Итак, в это благословенное всеми коммунистическими богами тихое, застойное время на меня тоже накатывал зрелый двадцатидвухлетний возраст... Возраст практически ваш... По современным меркам – едва достигнутое совершеннолетие, а на самом деле к двадцати двум я уже вполне утвердилась в нём: тогда дети взрослели раньше...
И, пожалуй, вот ещё что. Уберу-ка я своё лицо с этих страниц… Дело в том, что уверенность в старых постулатах до сих пор не пошатнулась во мне, и главный из них, утверждающий, что подрастающее поколение должно воспитываться на литературных героях, а вовсе не на опыте одинокой пожилой неудачницы, диктует свои правила... Не ищите здесь правды жизни... Кое-что в этом рассказе происходило всё-таки со мной, а кое-что – с другими... Большая же часть – ни с кем... Поверьте мне, так надо!
Теперь, как полагается в случаях настоящей литературы, имя и портрет. Я назвала бы её Сероглазкой, но этот ник используется уже в нашем чате %)))... К тому же, для неё имя предпочтительнее... Оценили ли вы, кстати, проценты перед скобками – мордаху глазастую? Три улыбки вам от сероглазой героини, уже мною придуманной...
Назову её Астрой, как любимый цветок... Ну не встречались люди некавказской национальности с такими именами тогда, и теперь не встречаются... А я уверена – привыкнете... Имечко впишется и приживётся, будто так и было... В школе её Георгиной дразнили. Не хотите – не верьте...
Самое примечательное произойдёт сейчас, когда рядом с прекрасным именем я произнесу фамилию... Астра Бессчастная... Звезда Несчастливая... Эх... Но от правды никуда не деться.

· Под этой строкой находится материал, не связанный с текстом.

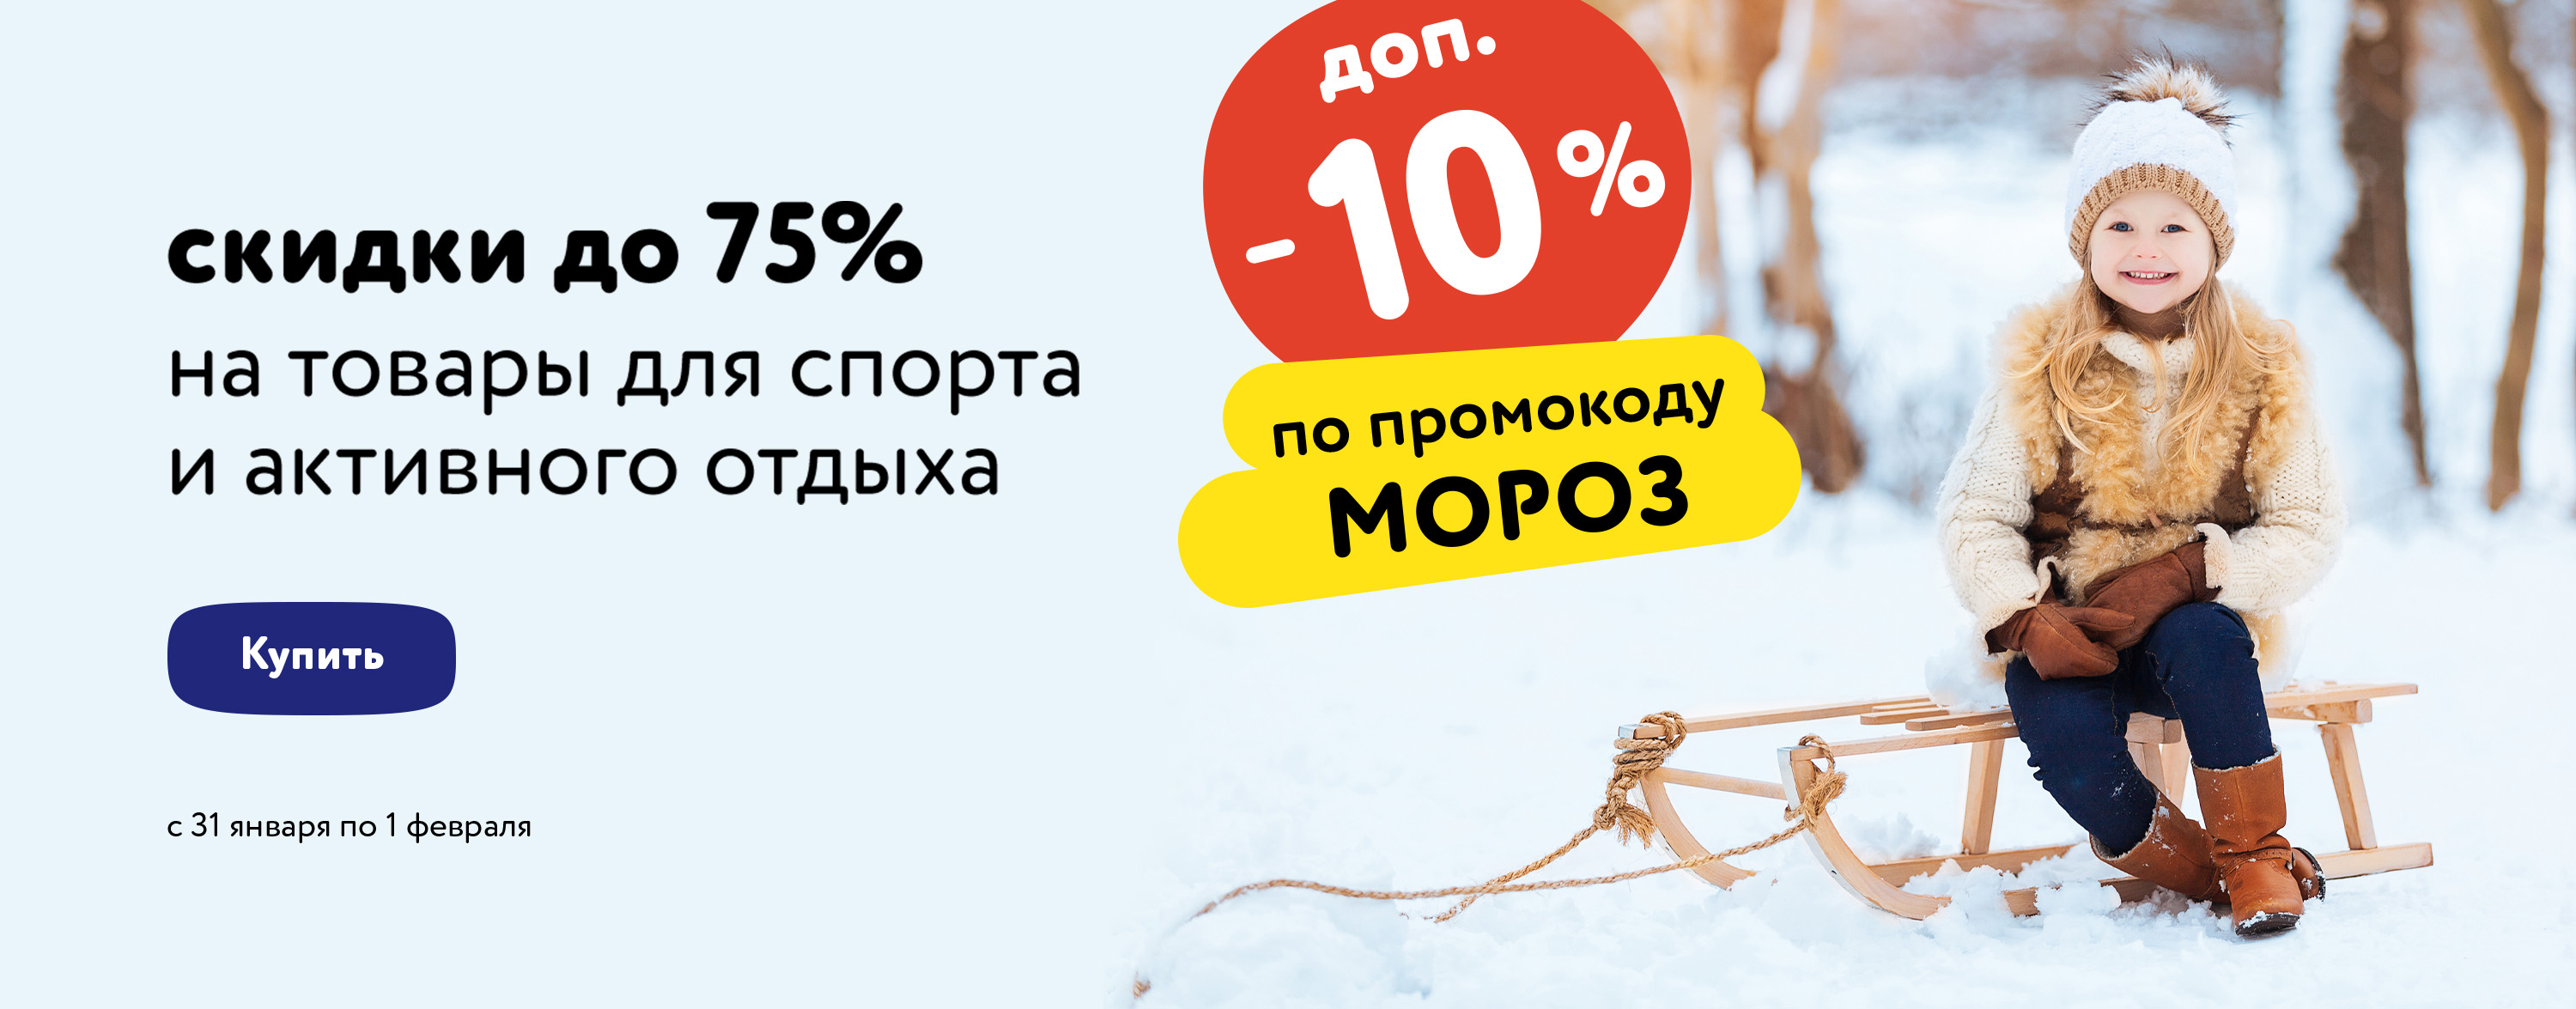 Доп. скидка 10% по промокоду на спортивные товары (МОРОЗ) (карусель+категории)

Родители попались чадолюбивые, и, поскольку сами хлебнули в детстве, даже имя выбирали чересчур старательно, совсем позабыв, что потерявшегося на полях второй мировой войны четырёхлетнего малыша молоденькие медсестрички мчащегося в тыл израненного санитарного поезда окрестили тоже коллективно, что вполне по-советски, но как-то второпях... Отца Астры звали Виктор. Победитель! Но – Бессчастный...
Из-за стечения таких обстоятельств и Георгине Несчастной в детстве пришлось много повоевать со сверстниками, не щадя музыкальных пальчиков, так резво бегающих по клавиатуре фортепиано, что право называться Звездой с первых её публичных концертов стало непререкаемым. Естественен был выбранный путь – в музыкальное училище... Естественно и то, что концертирующим исполнителем она не стала: провела первый урок в музыкальной школе и – влюбилась... Влюбилась в сам учебный процесс, как это ни странно... Оторваться от музыкальной школы для дальнейшего обучения в консерватории просто не нашлось сил... И школа ей попалась не простая, а, можно сказать, авторская, поскольку весь штат школы состоял из трёх человек: баяниста-директора, двадцатилетней Астры и ещё более свежей (моложе на целый год!) девочки-теоретика из Хабаровска, впервые в жизни примерившей валенки. Перенимать опыт было не у кого, однако Астра об этом не горевала. Она всегда была самодостаточной, иногда не в меру...
Романтическая натура увлекла её далеко от дома, от благ цивилизации, от тёплых зим и от детских привязанностей. Незаметно миновало полтора года, тяжких и трудом, и бытом, но она не помышляла о возвращении на Большую Землю. Там, на Дальнем Востоке, в БАМовском посёлке украинских строителей, у неё уже появились друзья, ещё не ушла молодость, и сложилась из различных коэффициентов хорошая (по тем временам – очень хорошая!) заработная плата. И главное – у неё появилась любовь. Случилась она едва ли не в первый день приезда, и после нескольких месяцев непонятного сладчайшего томления наступило настоящее счастье, а потом пришла разлука, поскольку парни нашего с нею возраста беспрекословно отдавали долг Родине... «Косили» от армии редко, по крайней мере, я не знаю подобных случаев. А я человек общительный...
Астра тоже стоически переживала разлуку. Почти без исключений... Приключения, конечно, случались, но далеко не заходили, и были настолько мимолётны, что не стоят упоминания. Как тогда выражались, парня своего она ждала честно: часто писала длинные письма, пекла печенье «помельче и послаще», чтобы побольше досталось ему после дележа посылки со старослужащими, ну и так далее... Вплоть до того, что однажды, после особенно тоскливого ноябрьского письма с неведомых берегов озера Ханка, она решила навестить парня на не столь уж и отдалённой китайской границе. Очень уж хотелось повидаться, терпеть ещё полгода до майской демобилизации просто не оставалось сил. Вот тут и начались настоящие приключения...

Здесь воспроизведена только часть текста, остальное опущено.